◆ MATERIAL SUPPLIED:
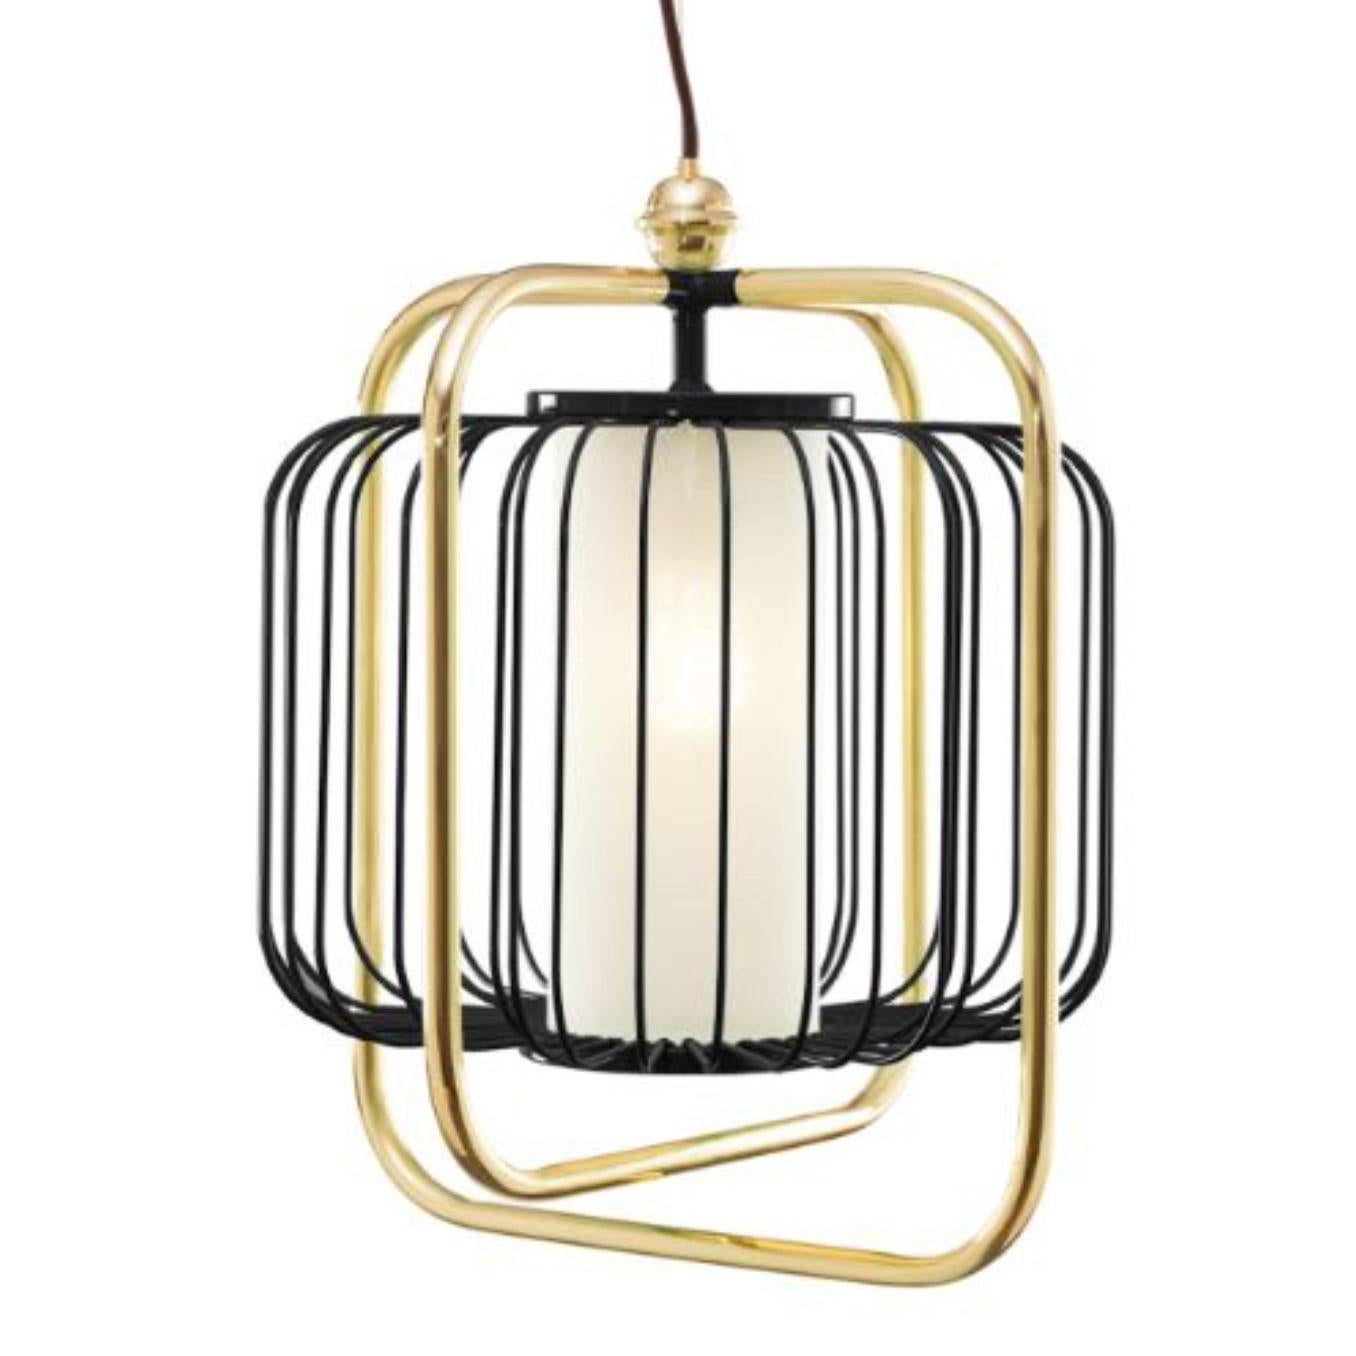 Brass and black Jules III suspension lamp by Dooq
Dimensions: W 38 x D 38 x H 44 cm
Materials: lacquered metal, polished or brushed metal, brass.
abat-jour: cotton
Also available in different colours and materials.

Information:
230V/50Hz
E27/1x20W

◆ TASK REQUIREMENTS:
An exact copy of the records above is required, leaving out the pictures.

◆ REPLY:
 Brass and black Jules III suspension lamp by Dooq
Dimensions: W 38 x D 38 x H 44 cm
Materials: lacquered metal, polished or brushed metal, brass.
abat-jour: cotton
Also available in different colours and materials.

Information:
230V/50Hz
E27/1x20W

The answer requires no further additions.